--- PROBLEM STATEMENT ---
Repeat word for word the lines starting at the one with "Verti Music Hall, Berlin" and ending at the final line of the material, both ends included; omit pictures.

----- SOURCE MATERIAL

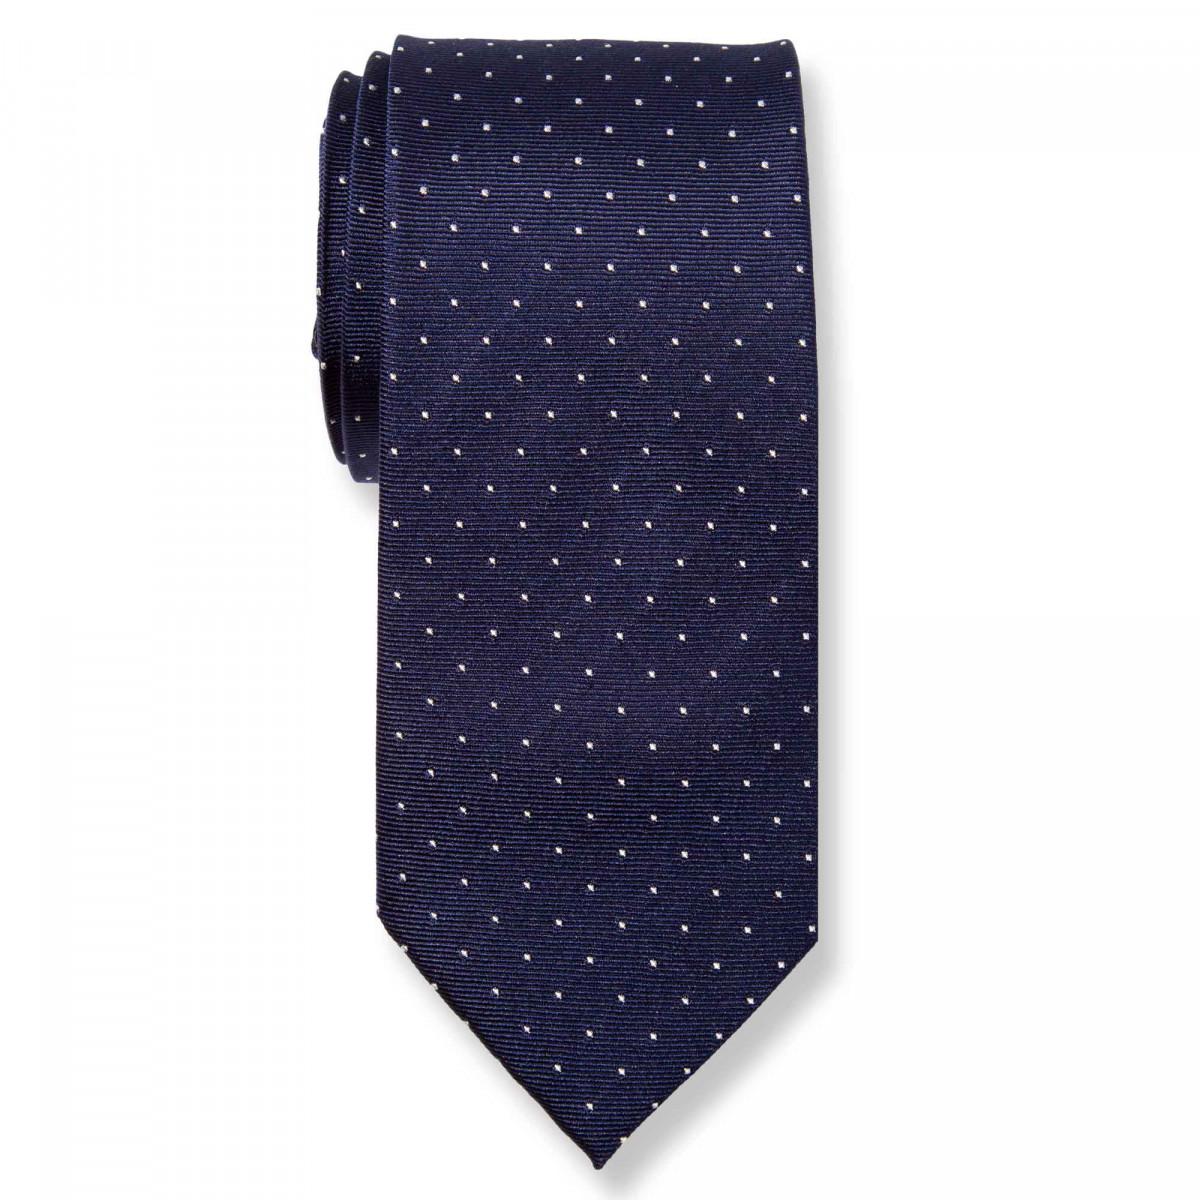 Cravate à pois - Soie Bleu marine
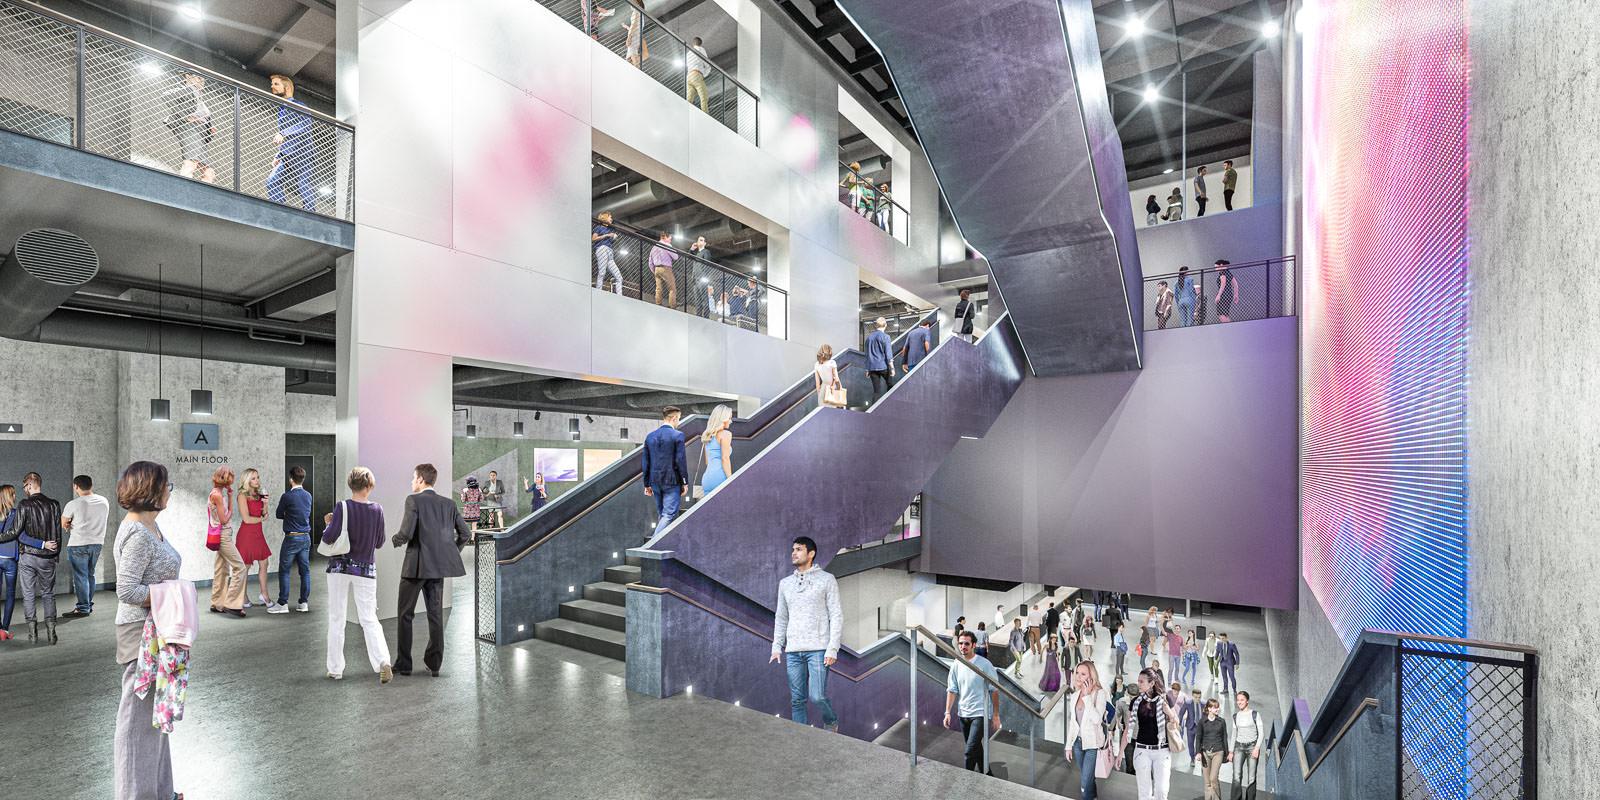 Verti Music Hall, Berlin - Aukett Heese Architekten / Anschutz Entertainment Group
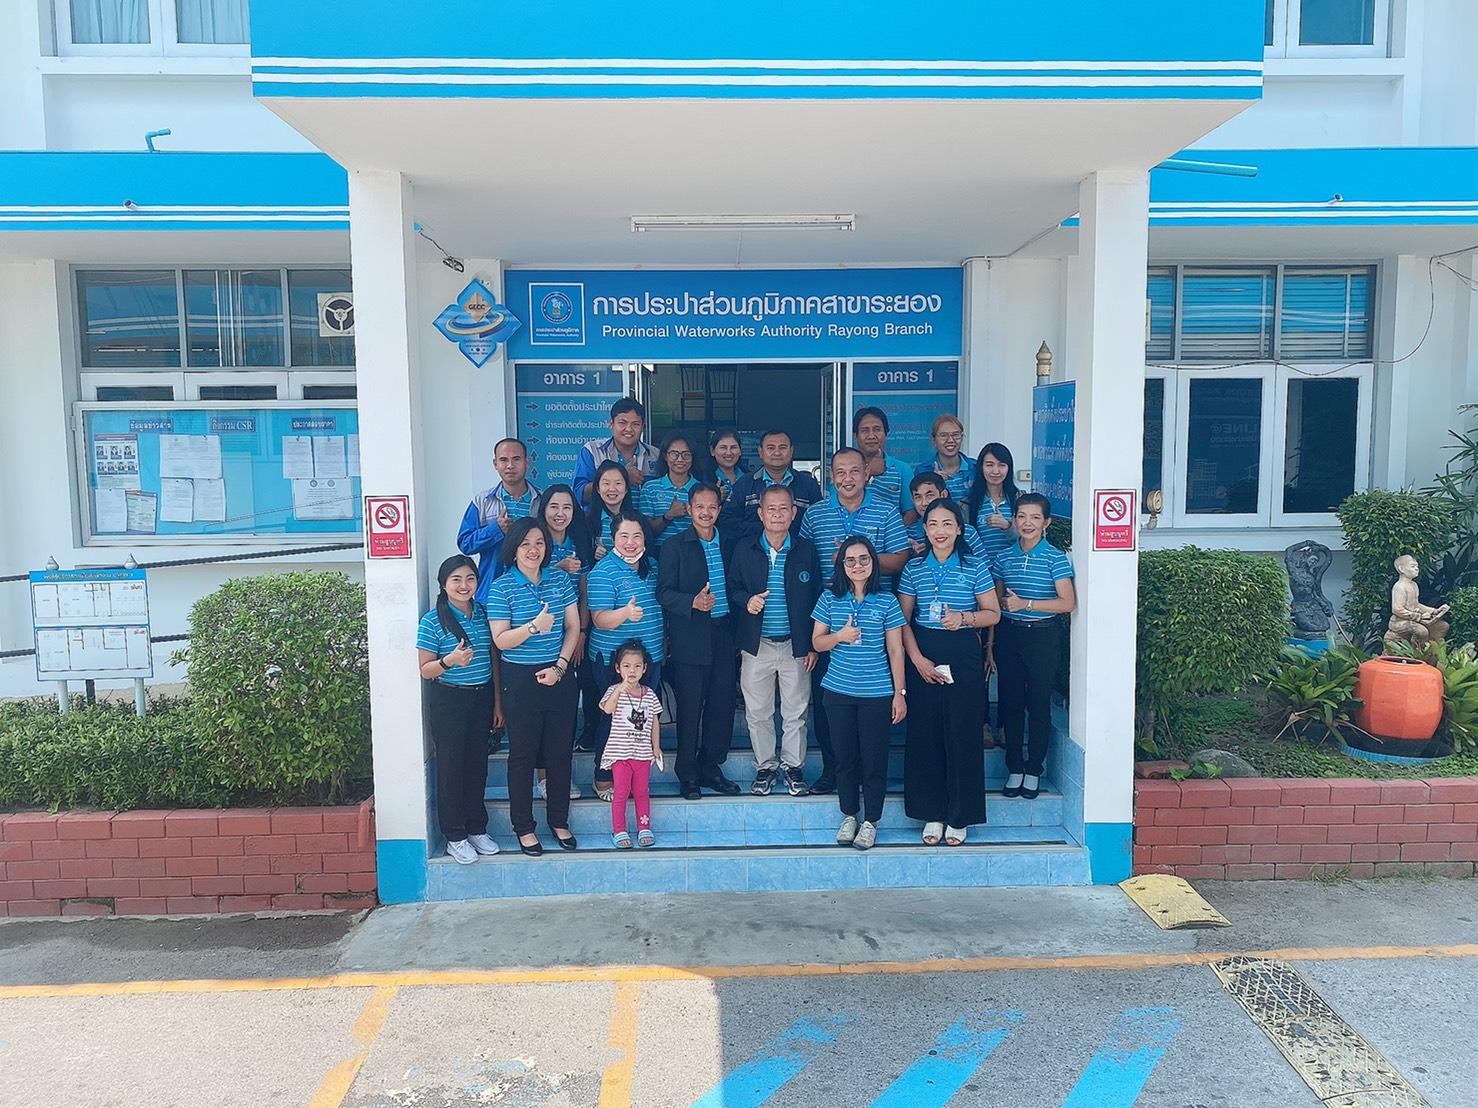 กปภ.สาขากุยบุรีเข้าศึกษาดูงานการประปาส่วนภูมิภาคสาขาระยอง

----------

--- RESULT ---
 Verti Music Hall, Berlin - Aukett Heese Architekten / Anschutz Entertainment Group
 กปภ.สาขากุยบุรีเข้าศึกษาดูงานการประปาส่วนภูมิภาคสาขาระยอง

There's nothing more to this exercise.